Luiz Antonio Ribeiro
Confira uma seleção dos 10 melhores poemas de Aline Bei:
O ATRASO
chutei as pedrinhas da estrada quando senti que você não vinha
Mais.
Tirei elas do meu caminho, deixei só
a Terra,
que sempre levantava com o vento, nascido das rodas rápidas que passavam por ali e
não paravam.
Estava tudo certo para termos a melhor semana das nossas vidas, pelo menos eu.
De noite conversamos por telefone, você disse
das malas prontas, mas hoje
desviou o caminho,
preferiu pegar a estrada sem mim e eu aqui, na rodoviária feito
Besta, num choro engasgado de
peito, uma
ânsia.
Pensei que podia ir atrás de você até a sua cidade, mas que ridículo isso seria.
Porque um dia
Morro
e não sei
Quando, desperdiçar o tempo é criminoso por ser jeito de matar, também.

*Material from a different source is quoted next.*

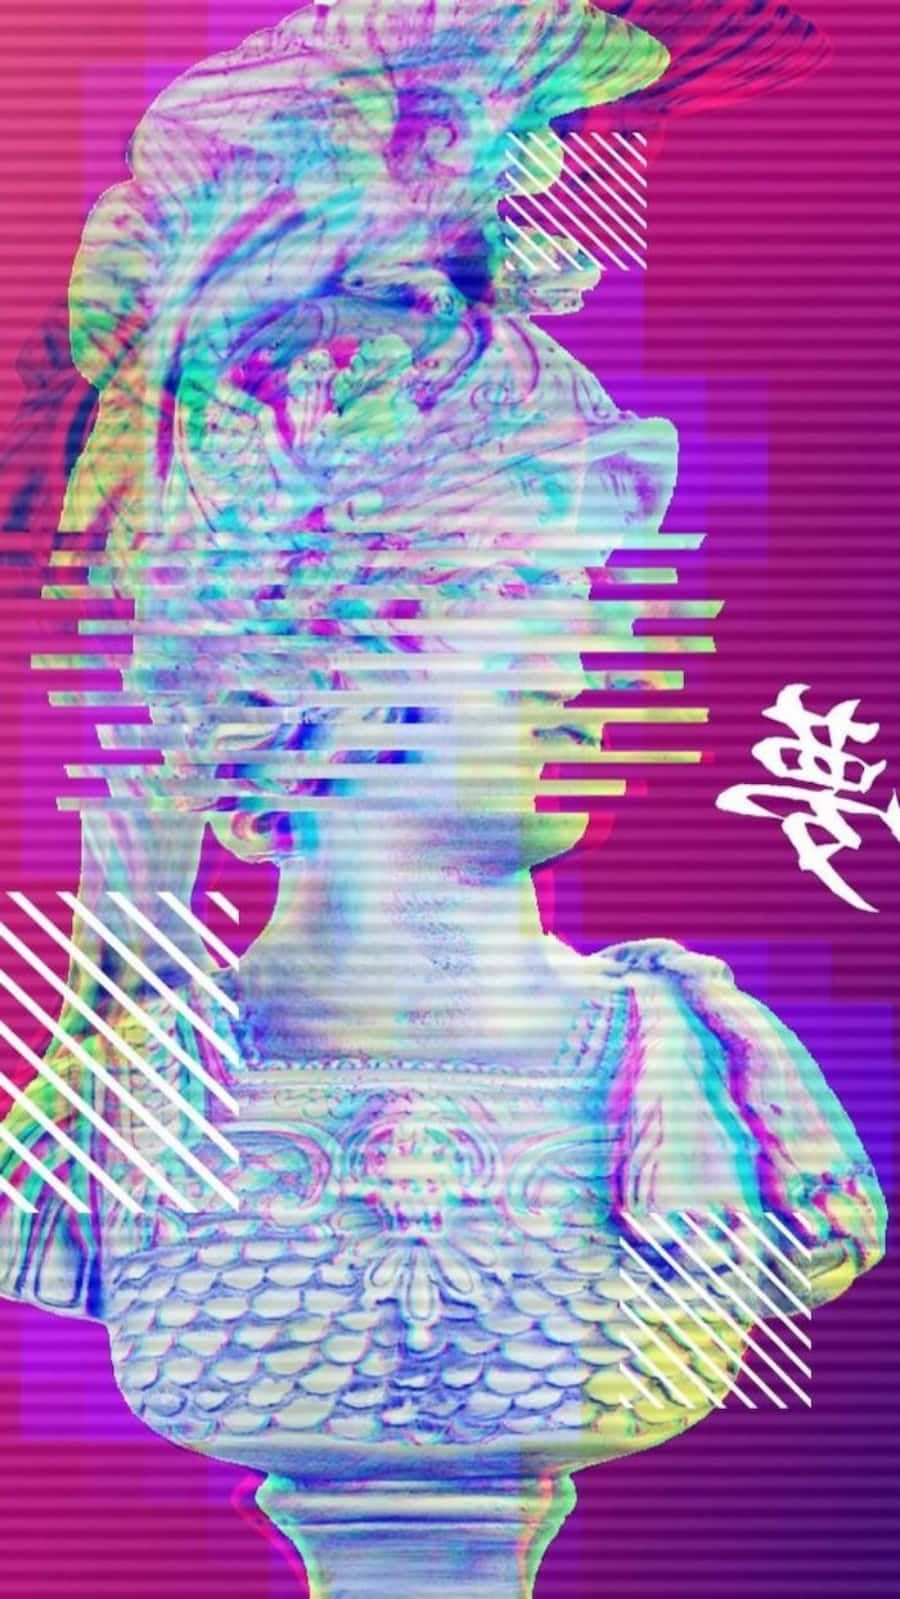 Aesthetic phone wallpaper of a bust of a man with a helmet - Dark vaporwave

Olhei minha mala em estado de
Espera, era
triste. Eu de calça jeans, batom e bota te esperando era
ainda mais Triste, o amor
é história pra boi
Dormir. O que existe
é a sede,
amor é feito de 2 ou mais pessoas e 2 ou mais pessoas
Raramente concordam em qualquer coisa, por isso viram pó e
desilusão.
Você foi muito Covarde, hoje.
Avisar antes
pode ser legal. Passou um ônibus escrito
Salvador
que parou para uma família entrar. Entrei junto,
pra não voltar, esperando sinceramente que você se Foda porque eu
estava Machucada
Demais.
O pessoal que ficou na rodoviária
Te viu
Chegando
20 minutos depois, mas o pessoal da rodoviária não sabia quem era você e também não sabia
quem era Eu, 1 mulher sem celular
desde semana passada, por culpa do filho
da puta de um
Ladrão chamado Pedro, um garoto de
17 anos
que pretendia se casar com a namorada assim que tivesse grana
o Suficiente
pra isso.
DANÇANDO EM SILÊNCIOS
deslizar sobre você com o meu corpo todo
inclusive com as minhas
celulites, você gosta?
me chupa
de luz
acesa inclusive na minha
magreza, nas minhas veias
grossas como coxas,
Minha pinta grande
demais nas costas, minhas
Olheiras, te beijar
com meus dentes tortos e sorrir pra você porque eu te amo, minhas sardas, meu
Cabelo precisando de um novo
corte, mas
o dinheiro tá
Curto ou longe
de mim, te
foder
com a minha força que acaba
rápido e logo preciso da ajuda
de suas
mãos na minha bunda,
pra cima
pra baixo, você
gosta?
Eu gozo,
depois da transa te coço
Com as minhas unhas muito curtas por serem de 1
mulher, o meu
pé
tá seco na
sola, precisa de creme, minha Unha
caiu, precisa de band aid, a gente dança nu no quarto de hotel.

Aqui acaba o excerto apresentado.